Steve began his career as an attorney with the NAACP Legal Defense Fund challenging racial disparities in the criminal justice system, particularly where the prosecution sought to impose the death penalty on indigent African Americans. He then served as executive director of the National Coalition to Abolish the Death Penalty, where he led a bipartisan campaign to end capital punishment for juveniles, leading to repeal in several conservative states and ultimately a historic victory in the U.S. Supreme Court.
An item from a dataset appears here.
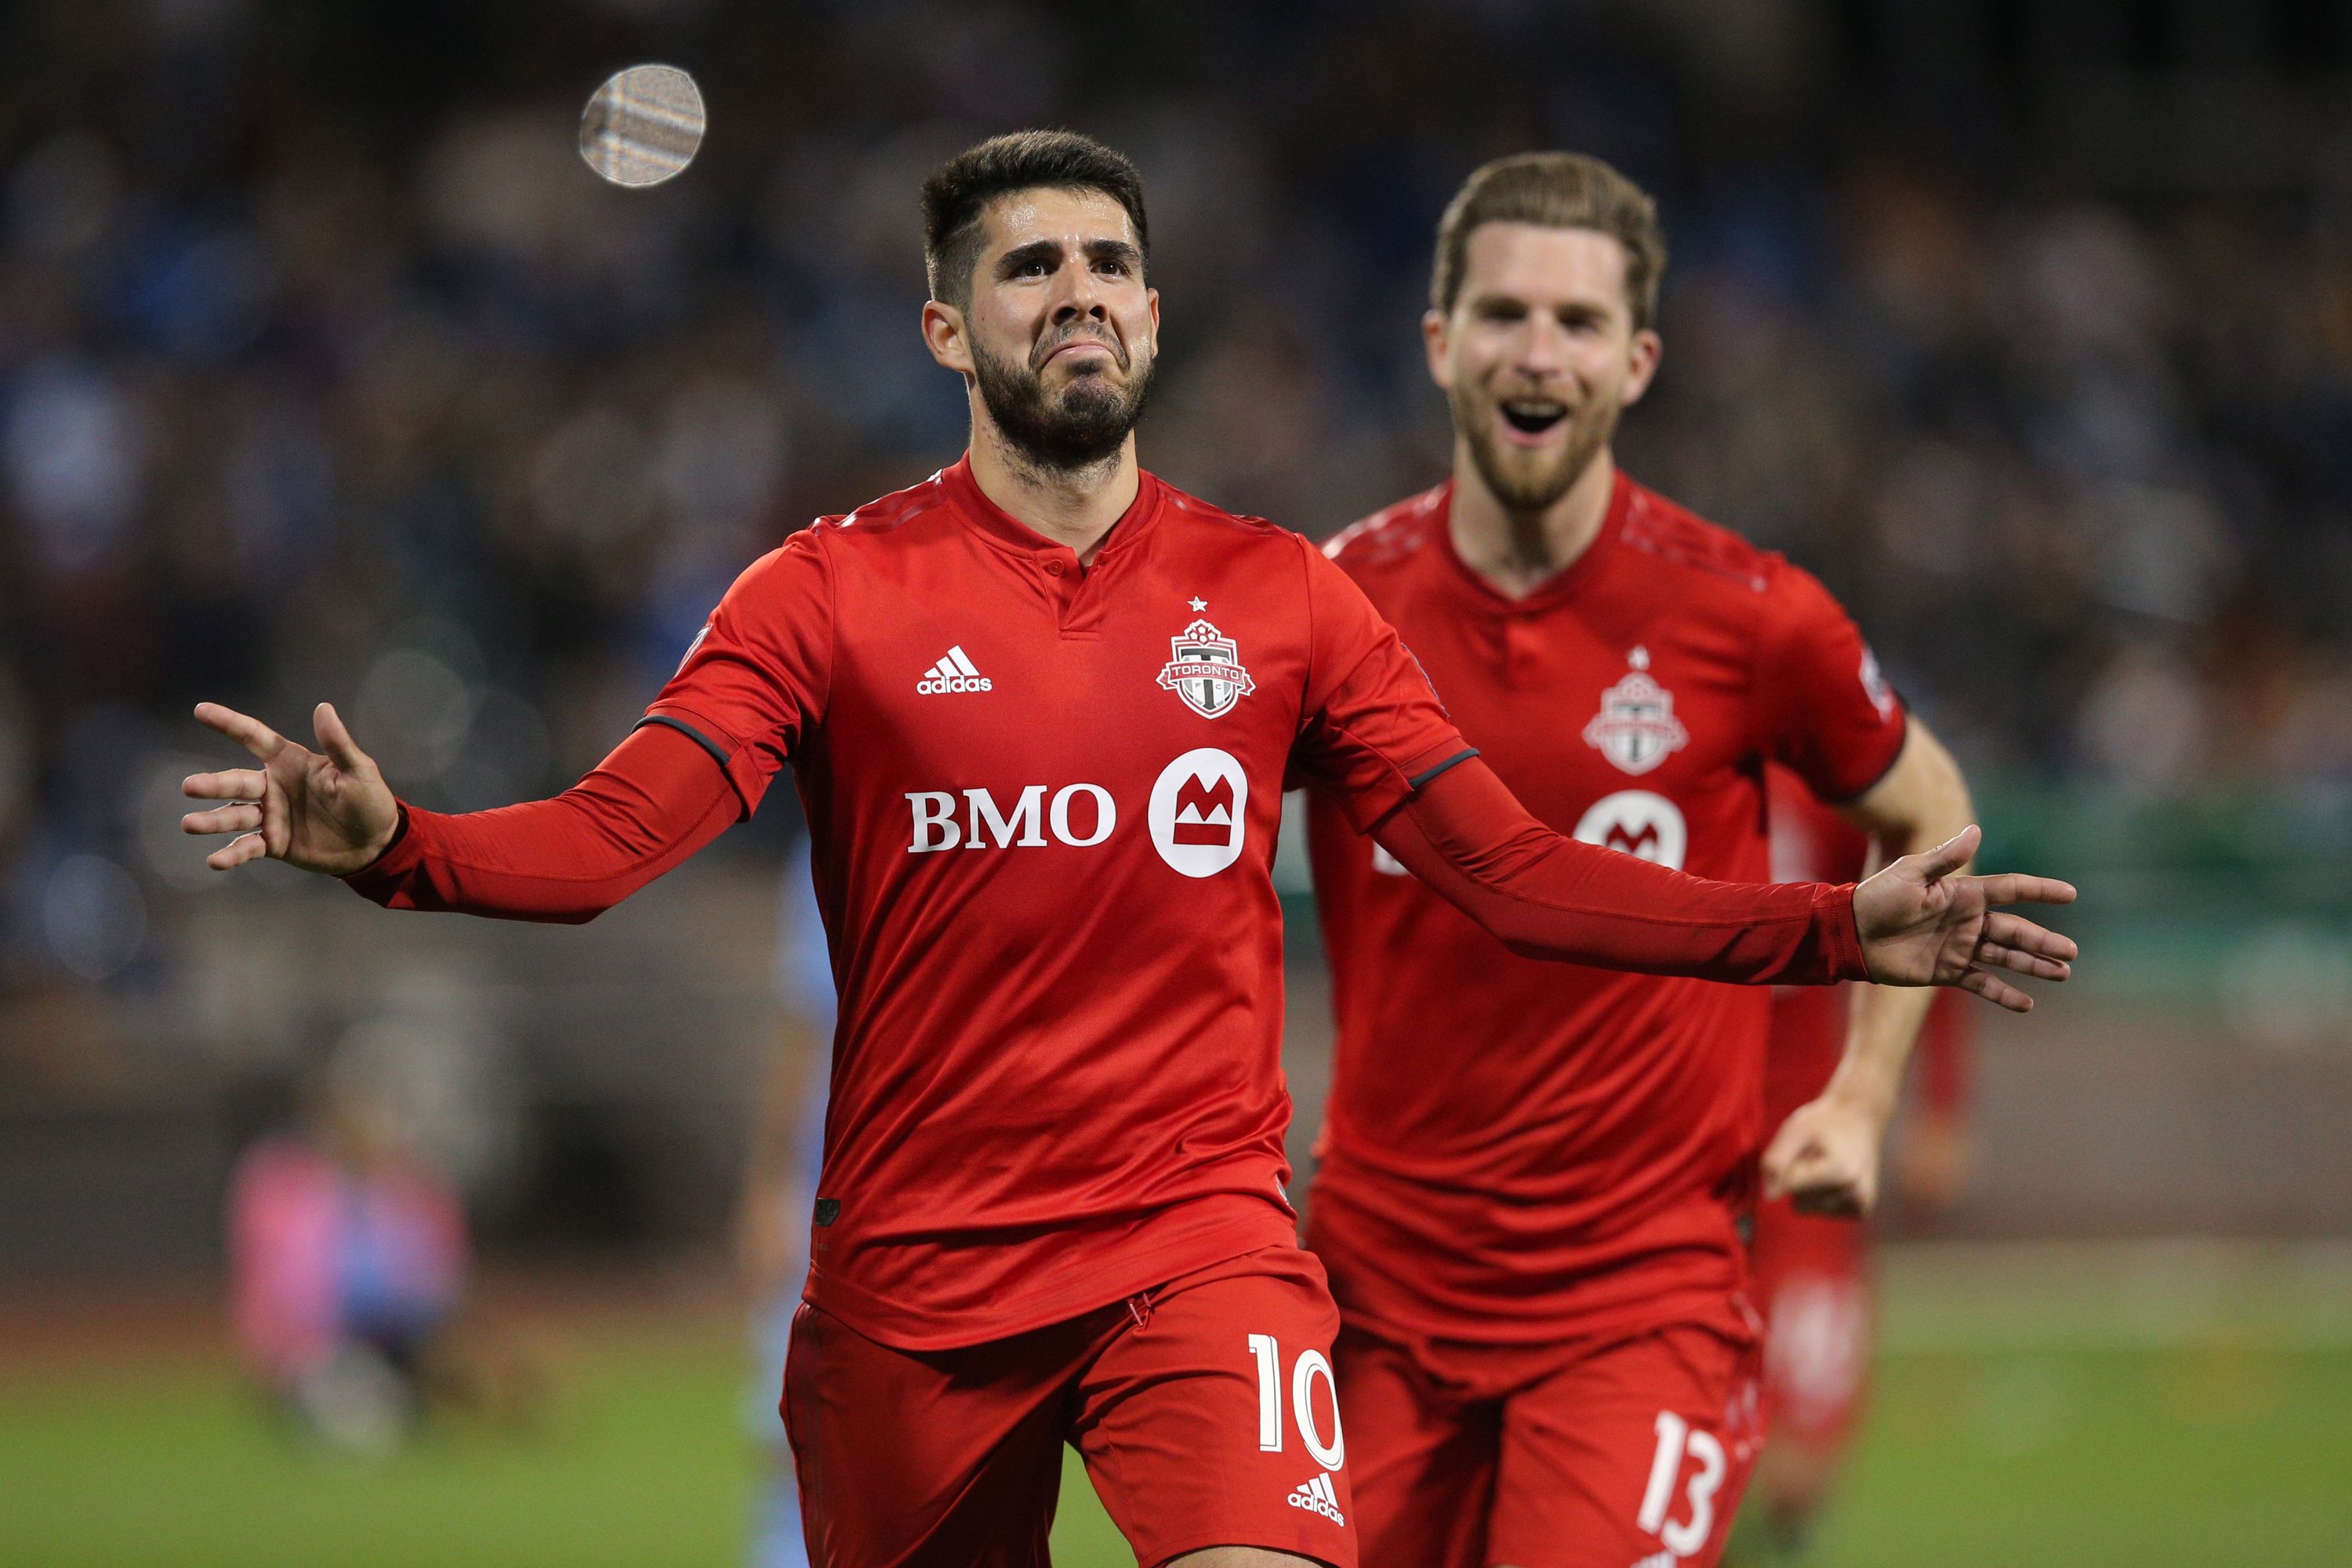 TFC must defeat reigning champs to reach MLS Cup

In 2008, Steve was named executive vice president of the NAACP, where he spearheaded efforts to end the New York City police practice of “stop and frisk,” worked with leading corporations to remove obstacles to employment for formerly incarcerated persons, and engaged elected officials to restore voting rights to former felons. He also successfully encouraged the NAACP board of directors to adopt its policy in support of marijuana decriminalization. Steve continued working to address civil and human rights abuses in the United States as executive director of the American section of Amnesty International, the world’s largest human rights organization. Under his leadership, the organization confronted police abuse in Ferguson, Baltimore, and other cities, and it spotlighted prolonged solitary confinement and other human rights violations occurring in U.S. prisons and jails.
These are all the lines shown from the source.